Obsolete Regulations Prevent Aboriginals from Accessing Trades

All across Canada, but particularly on the prairies, builders complain about shortages of skilled trades people, but there’s a vast pool of unrealized potential among First Nations youth. Native reserves […]
Published on February 7, 2014

All across Canada, but particularly on the prairies, builders complain about shortages of skilled trades people, but there’s a vast pool of unrealized potential among First Nations youth.

Native reserves have a booming young population, and chronically high rates of unemployment.

Governments and the private sector often turn to immigration to fill such needs, but the answer could be right in our own backyard.

Obsolete regulations are one of the roadblocks that prevent this from happening.

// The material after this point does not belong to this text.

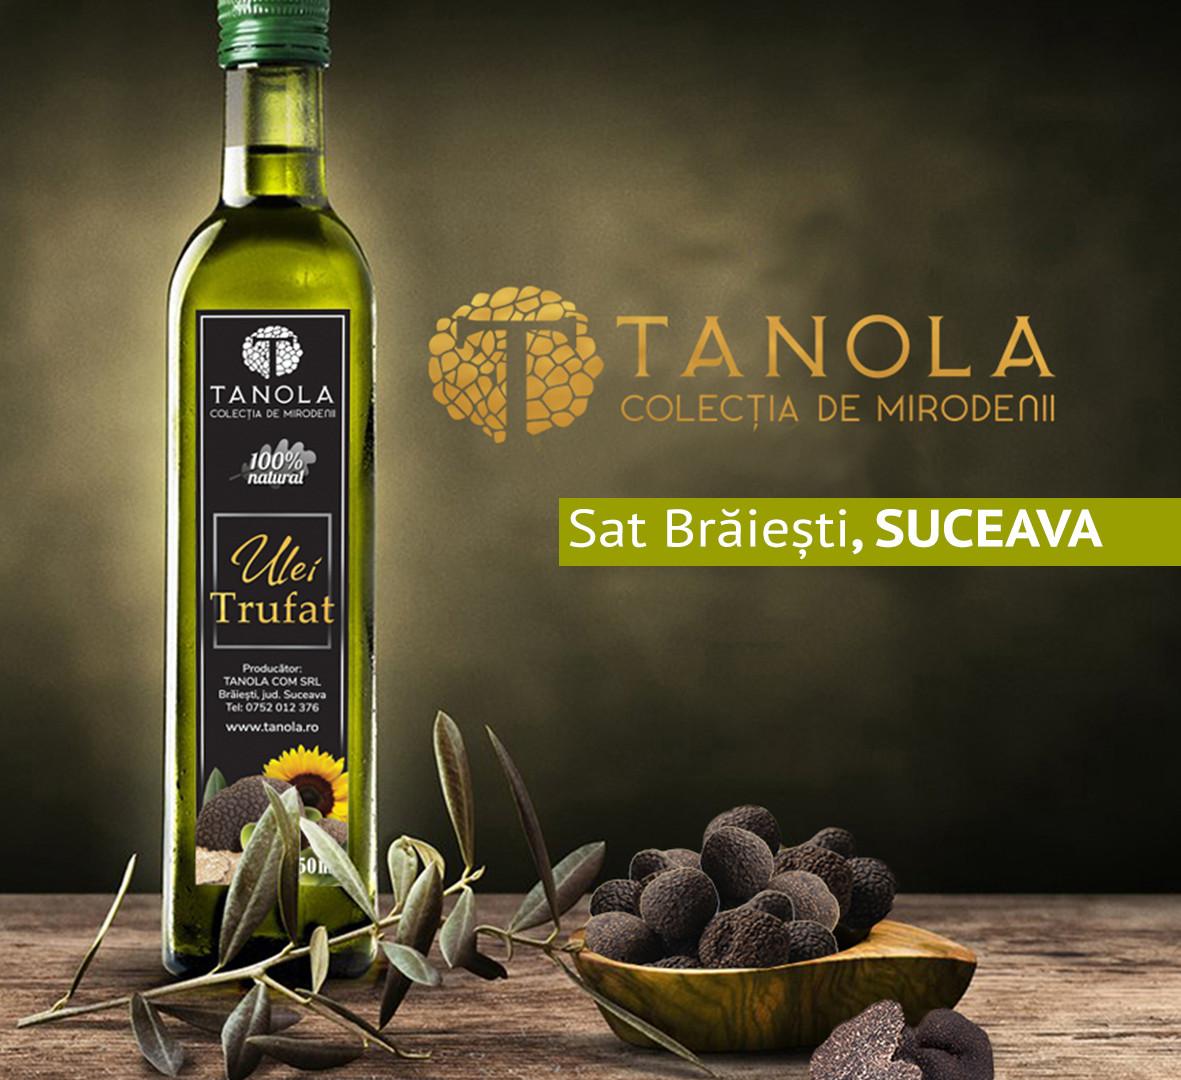 Tanola
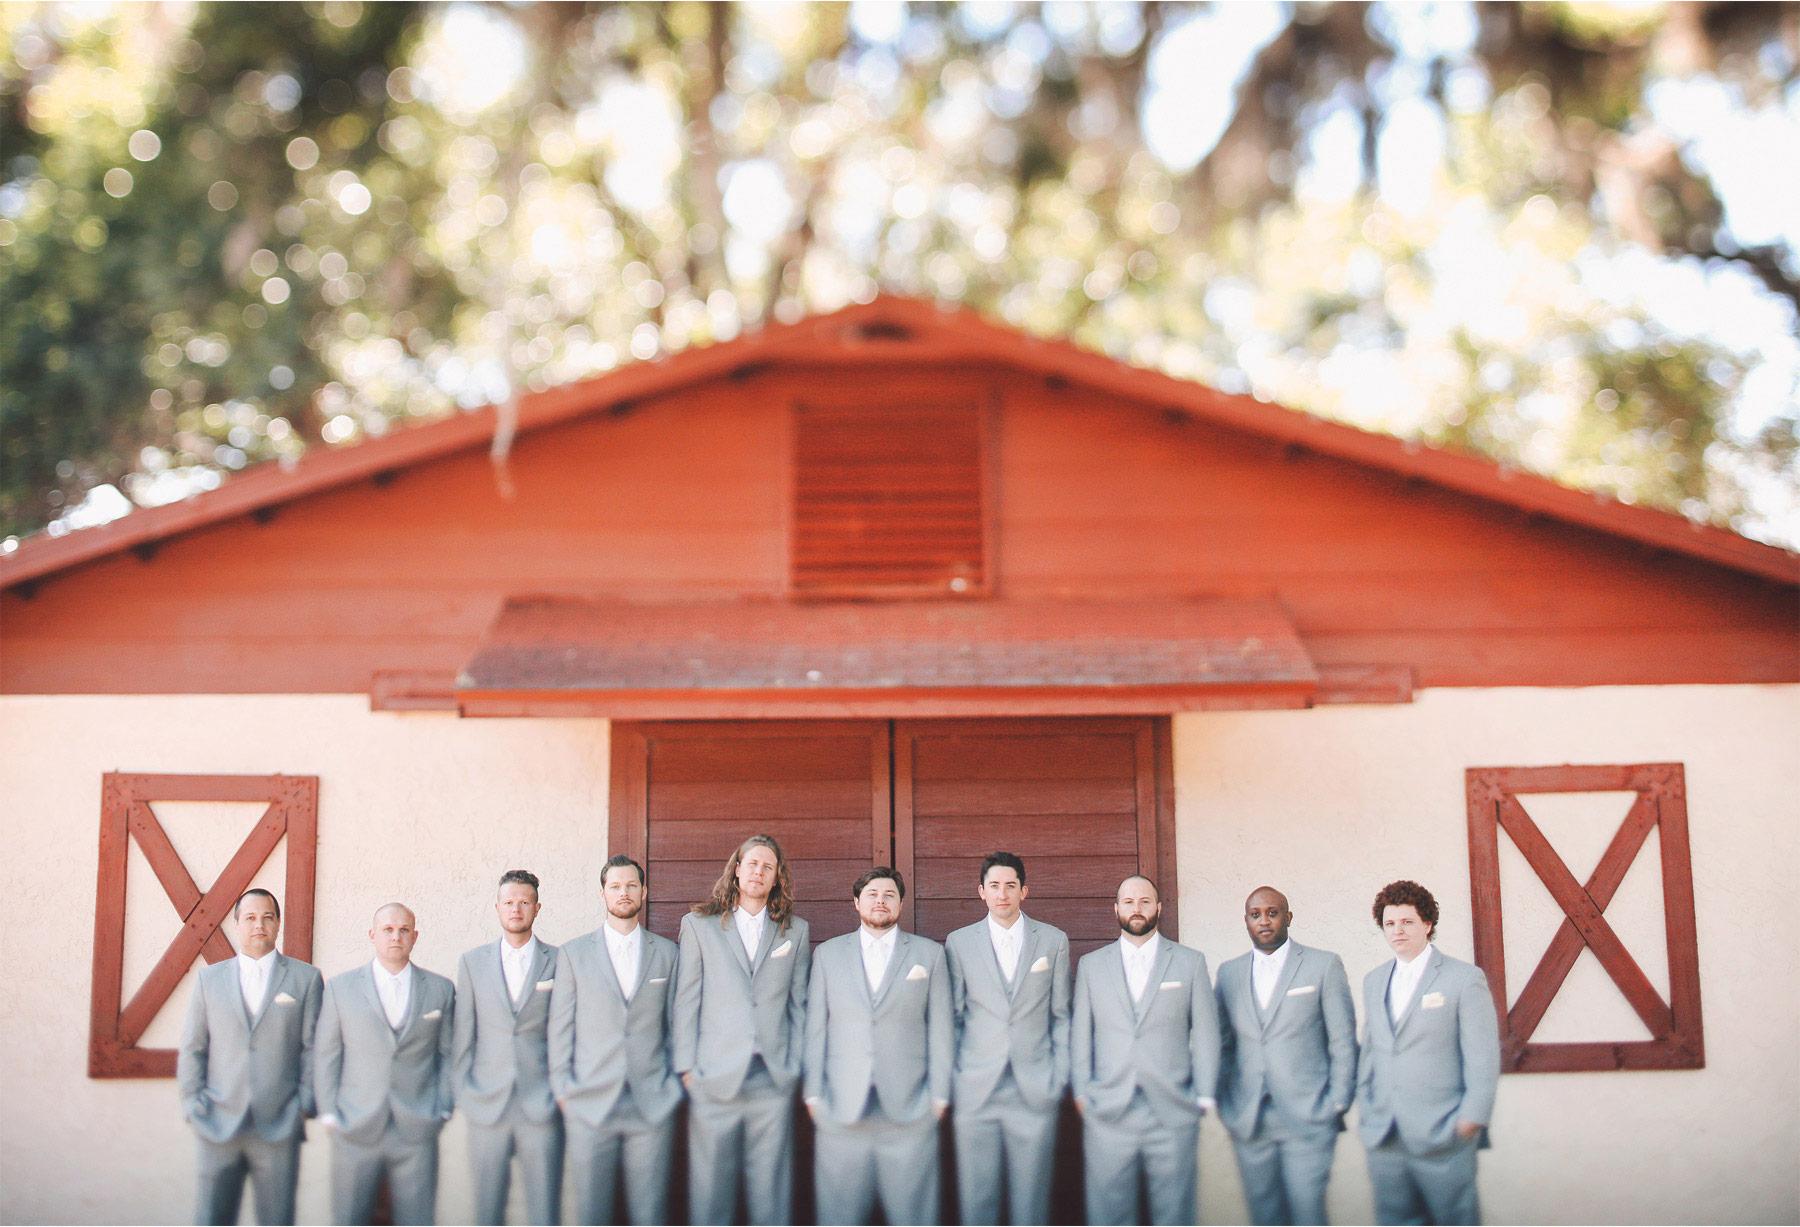 12-Brandon-Florida-Wedding-Photographer-by-Andrew-Vick-Photography-Casa-Lantana-Spring-Groom-Groomsmen-Tilt-Shift-Barn-Vintage-Kristianna-and-Ben.jpg

Provinces regulate the number of apprentices that can be hired based on the number of existing journeypersons who are ticketed to work in the various trades. 

These ratios require many companies to lay off apprentices or to leave positions vacant in many cases, for reasons that don’t make much sense.

Most provinces are moving to ease these restrictions, and governments should focus on things like safety standards instead of regulating the rate of entry.

Education requirements are also a problem.

Most trades require a high school diploma which Aboriginal young people may not have for a number of reasons.

Governments should introduce skills-based examinations as an alternative.

Steps like these would ensure that aboriginal young people can be a key part of the solution to the skills shortage in Canada.